# funtional vs blind teat



## Deena (Jan 31, 2009)

Awhile back I traded for a doe I didnt realize she had a 3rd teat she is from good milk lines but due to her little defect we will not register her I had the option of returning her how ever shes a big lapdog of a pet so I decided to keep her and love her anyways. Her 3rd teat is tiny how can you tell if it will be functional?


----------



## StaceyRosado (Oct 5, 2007)

I doubt it will be functional - it is usually called a fish teat and yes you are right it is a DQ fault. But for milking purposes it shouldnt be an issue. 

Have you bred her yet?


----------



## Deena (Jan 31, 2009)

Stacey its not split like fish teats its well over and in front of her other teat but its mabe 1/4 the size of her other teats.I meant to have the vet take a look when he was out but you know me I forgot. Shes only 2 months old and a lap dog she is so sweet.Her favorite place is in my lap.


----------



## StaceyRosado (Oct 5, 2007)

Someone correct me but a fish teat and a split teat are two differnt things.

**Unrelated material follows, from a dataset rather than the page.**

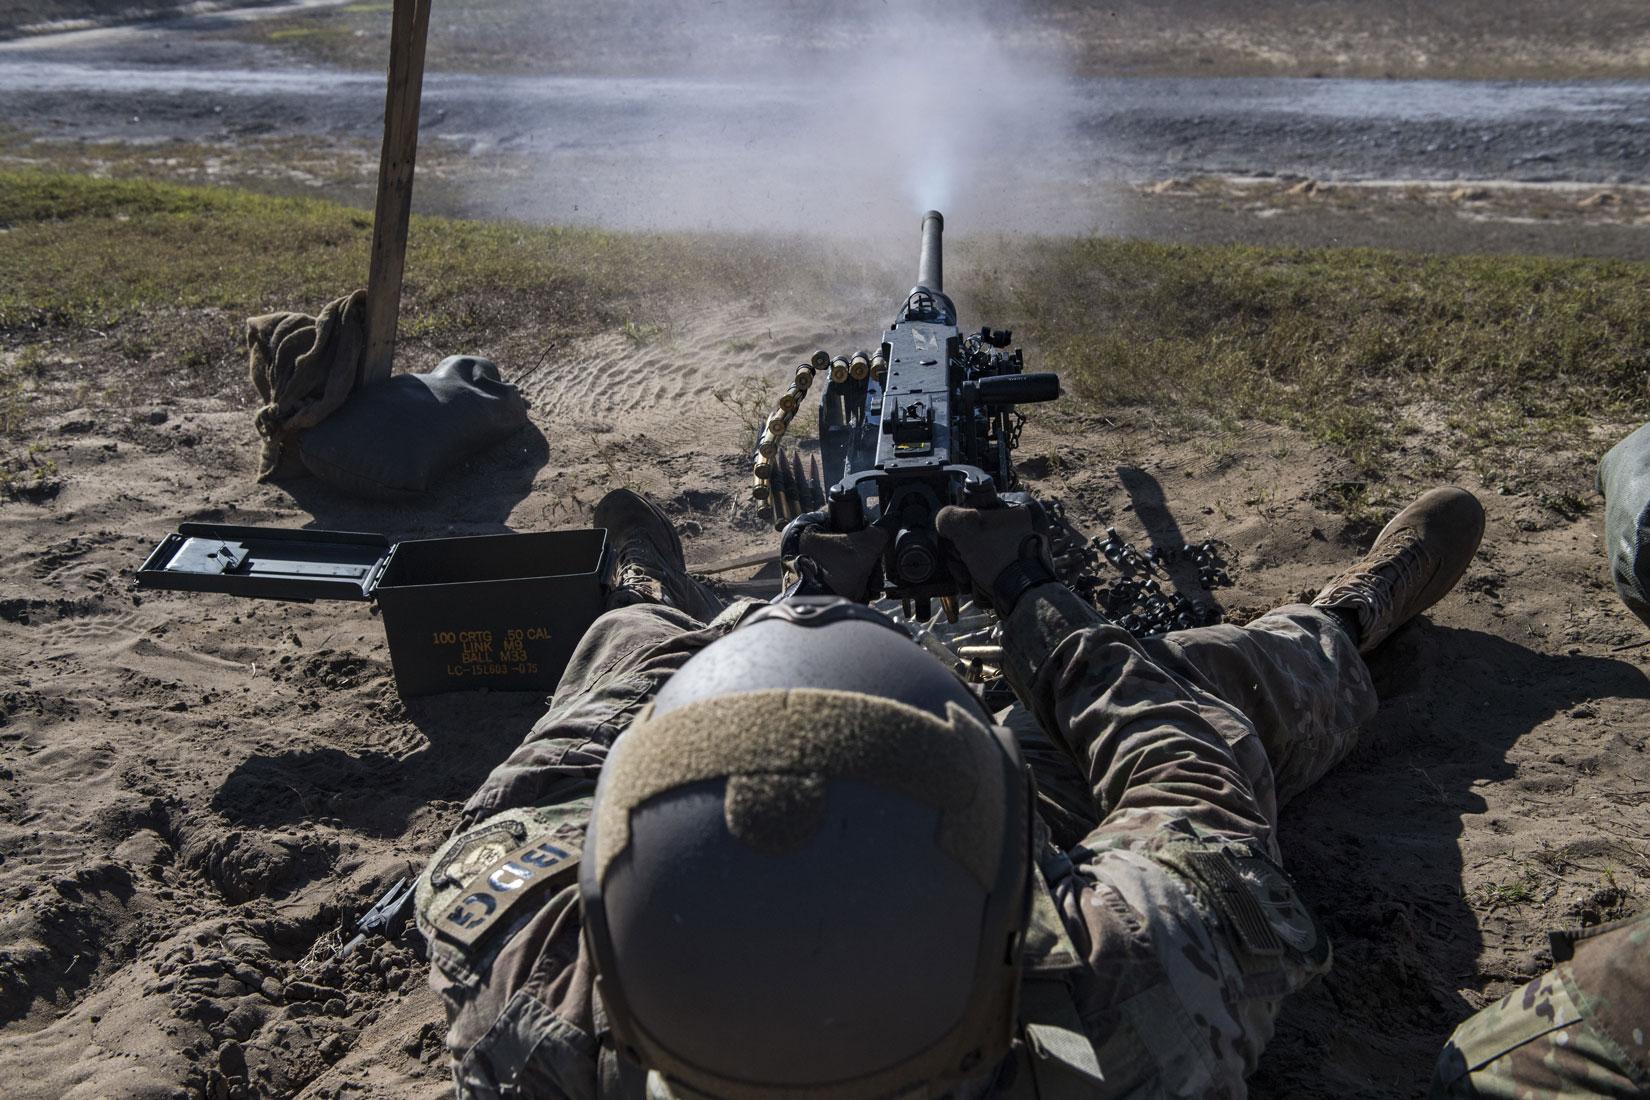 United States Air Force Gunner Staff Sgt. Richard Murkin, 823d Base Defense Squadron fireteam member, fires a .50 Caliber M2 machine gun, during a heavy weapons qualification.

Split teats can be functional but a fish teat rarely is. 

I had a doe with a split teat - kids loved that side!!!! I had another doe with a fish teat and it was further up on her udder and it was never functioning.


----------



## Deena (Jan 31, 2009)

Since I cant post pics it looks something like this..http://www.homesteadingtoday.com/showthread.php?t=297643&highlight=extra+teat


----------



## goathappy (Oct 5, 2007)

I thought that fish teats and split teats were the same :shrug: 

On the boers, a lot of them have extra teats(we have one with 5 teats) some are functional, some aren't.


----------



## liz (Oct 5, 2007)

That would not be called a "fishteat"....thts just an extra and no itwould not be functional, it will pretty muh just be a "mole" type lump on the udder and when she freshens it will "disapear".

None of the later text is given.